BEGIN RECORDED DATA
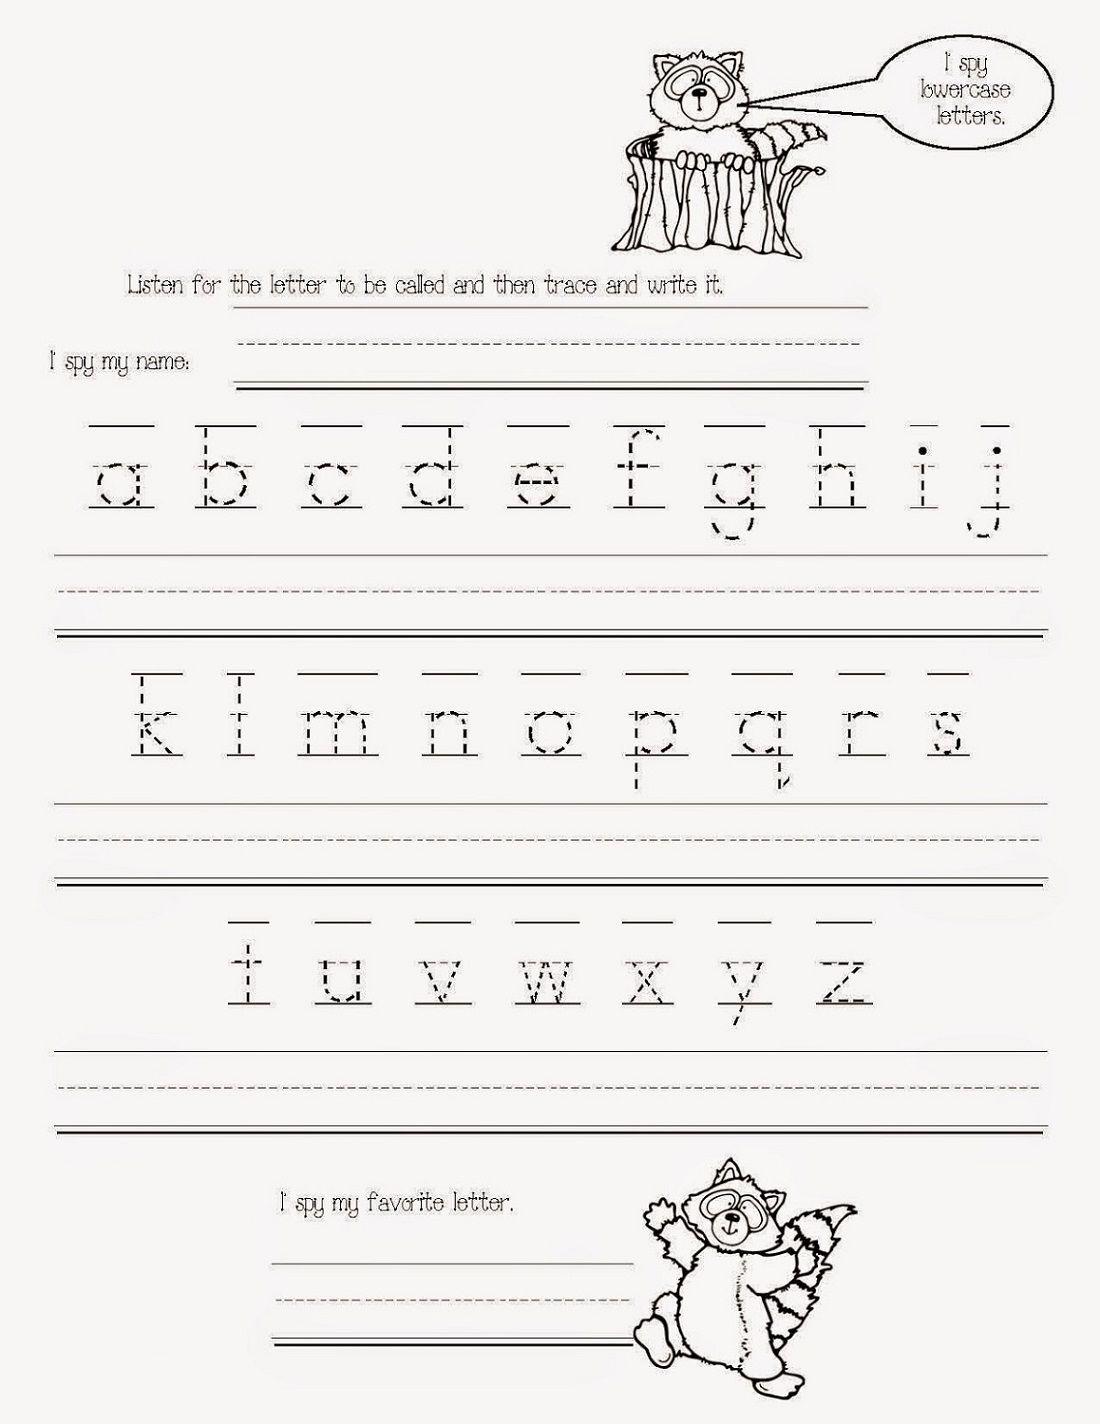 Printable Traceable Alphabet Worksheets A Z Handwriting Worksheets For Kindergarten Free Handwriting Worksheets Word Family Worksheets [ 1424 x 1100 Pixel ]
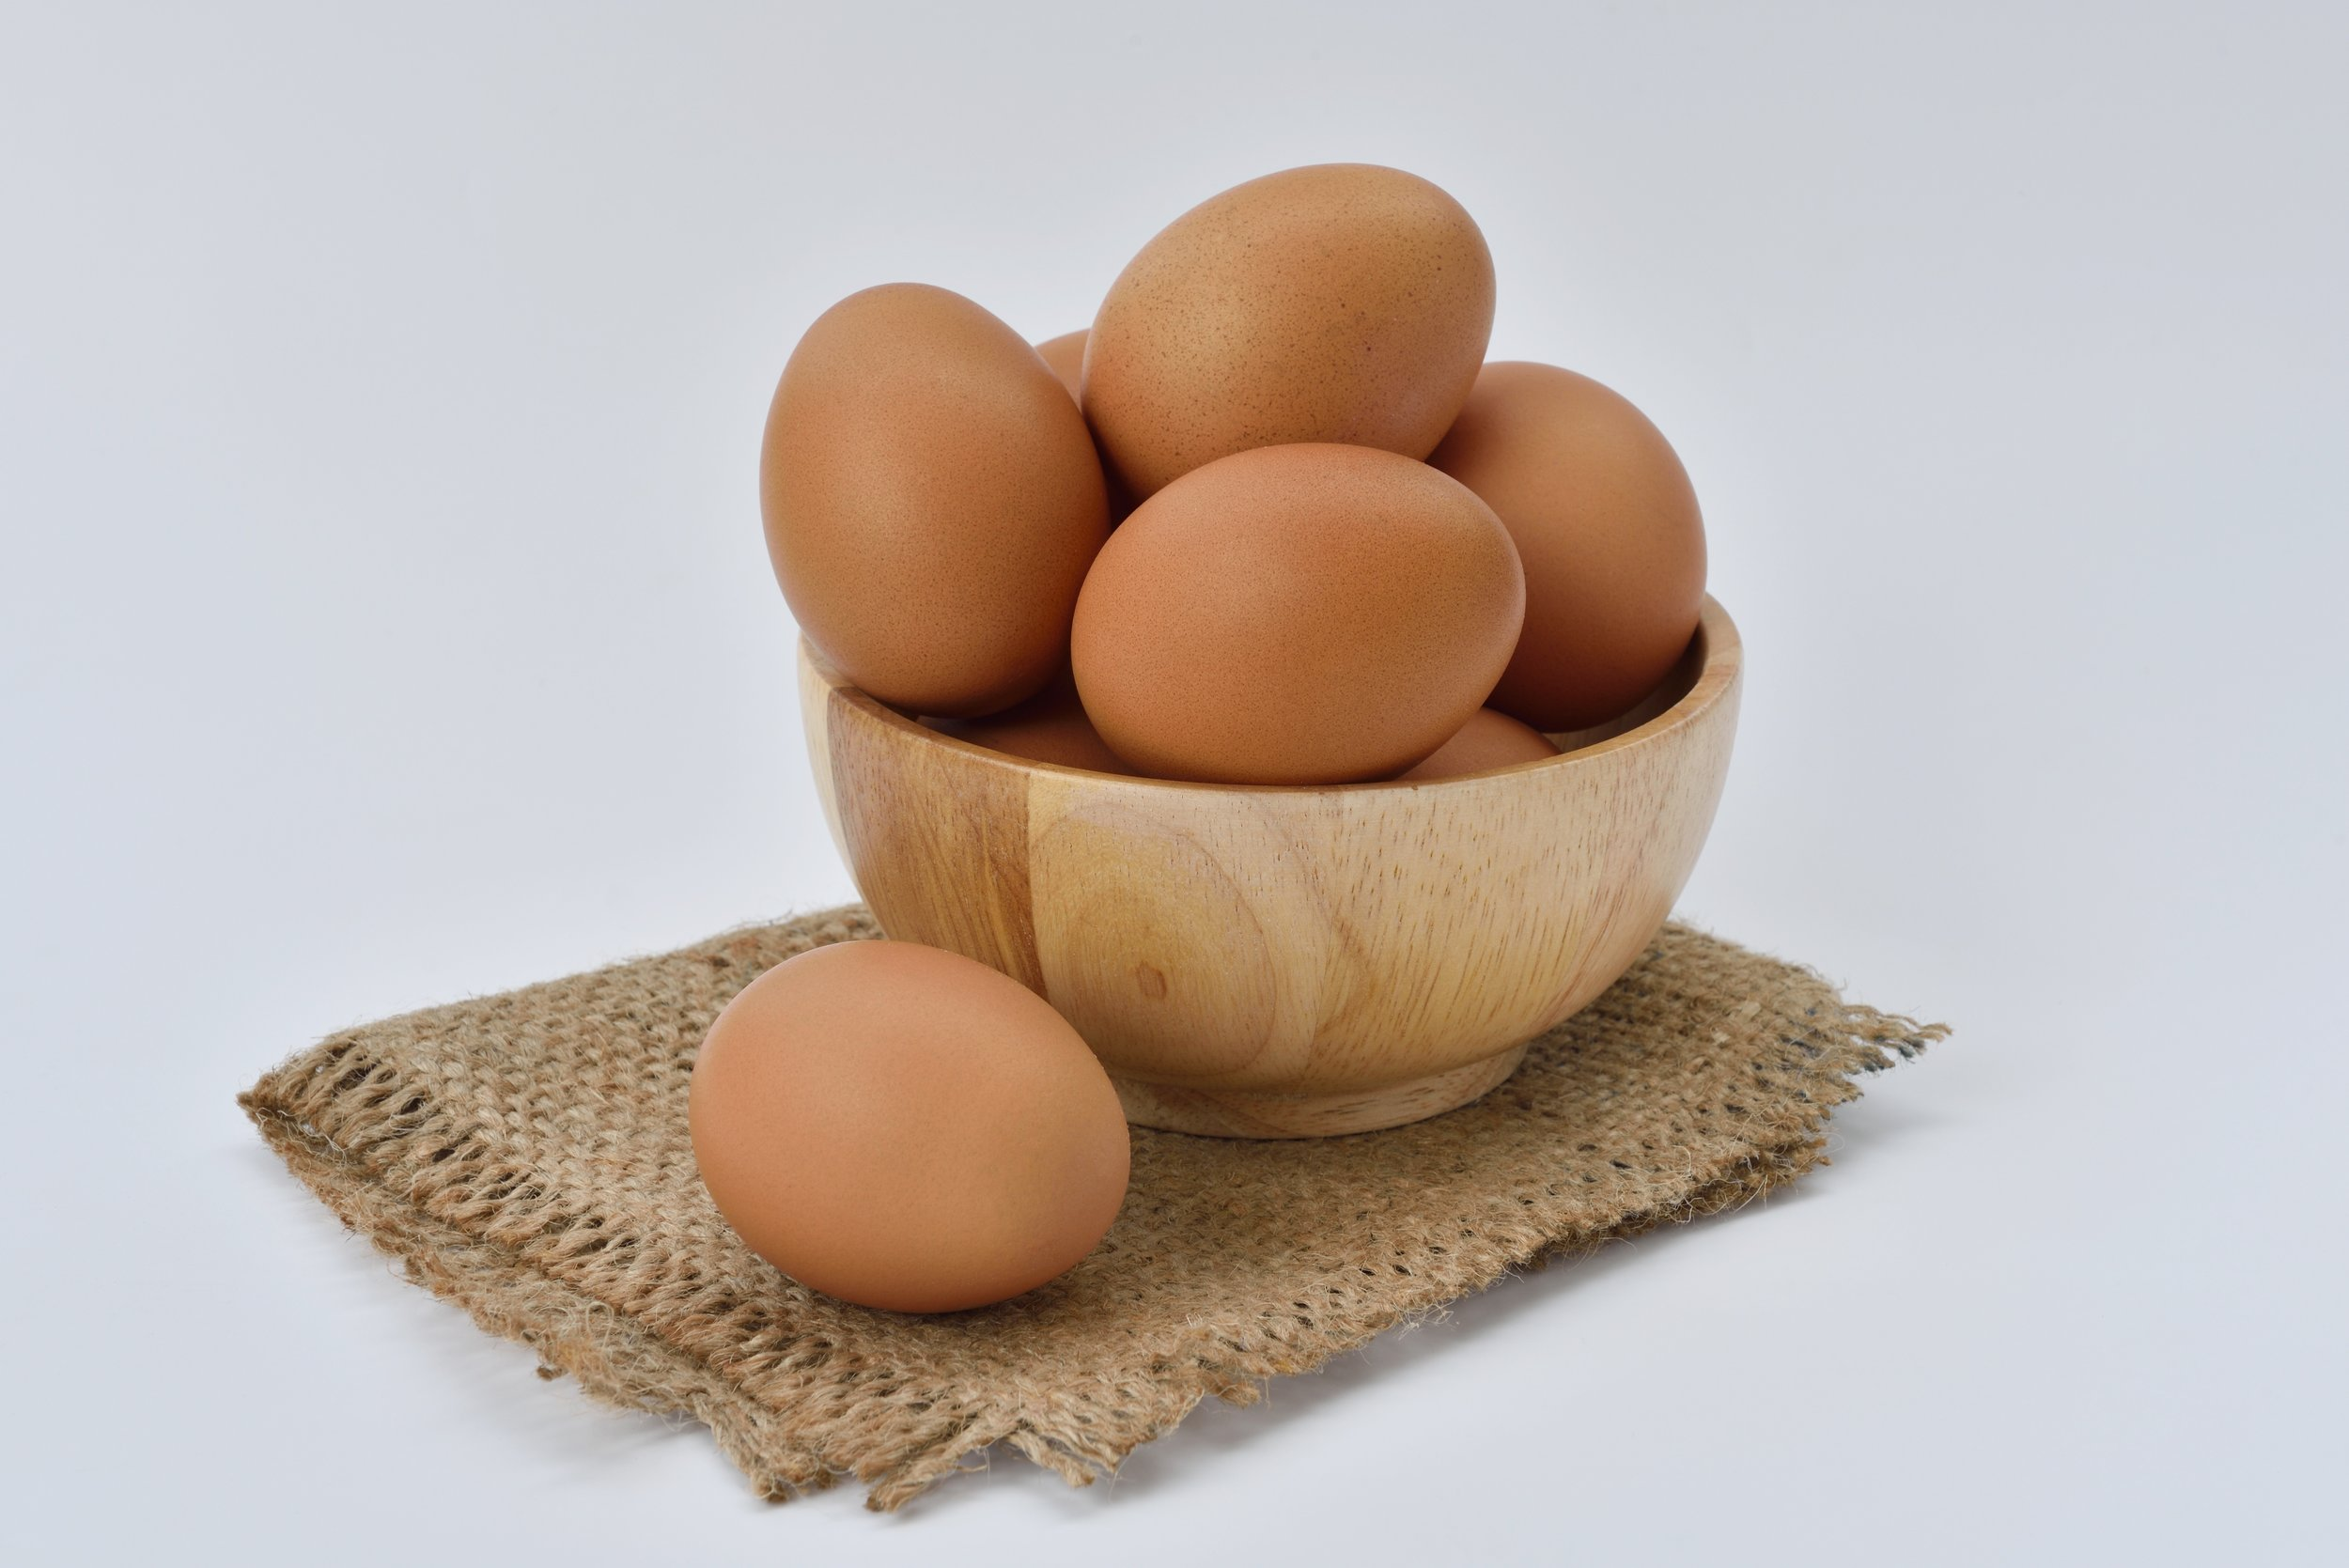 egg-white-food-protein-162712.jpeg
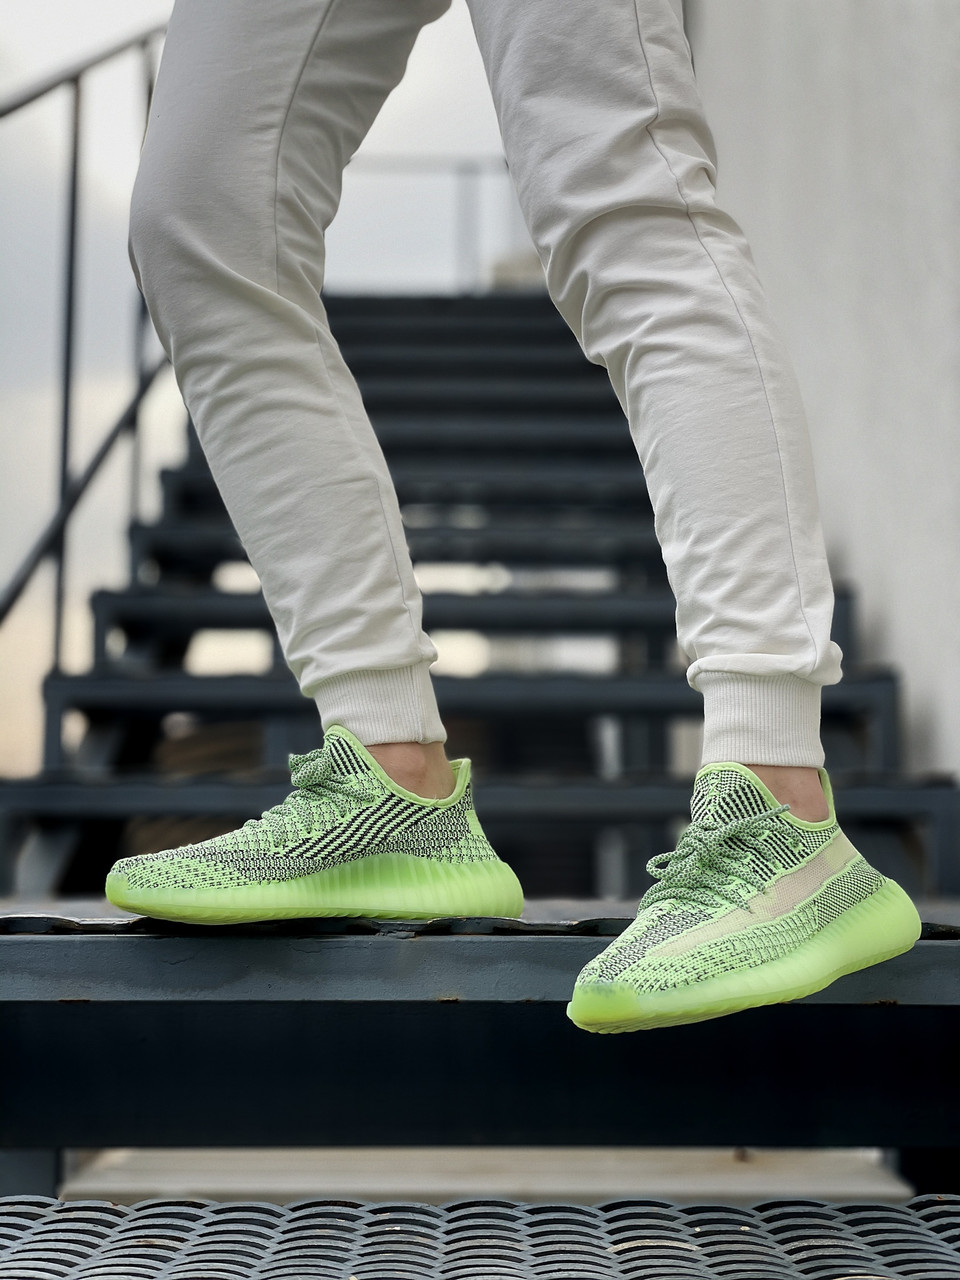 Жіночі кросівки Adidas Yeezy Boost 350 V2 салатові
END RECORDED DATA
▸ **GOAL OF THE EXERCISE**: In the copy, keep every line of the data above exactly and drop each picture.

▸ **PROBLEM SOLUTION**:
 Printable Traceable Alphabet Worksheets A Z Handwriting Worksheets For Kindergarten Free Handwriting Worksheets Word Family Worksheets [ 1424 x 1100 Pixel ]
 egg-white-food-protein-162712.jpeg
 Жіночі кросівки Adidas Yeezy Boost 350 V2 салатові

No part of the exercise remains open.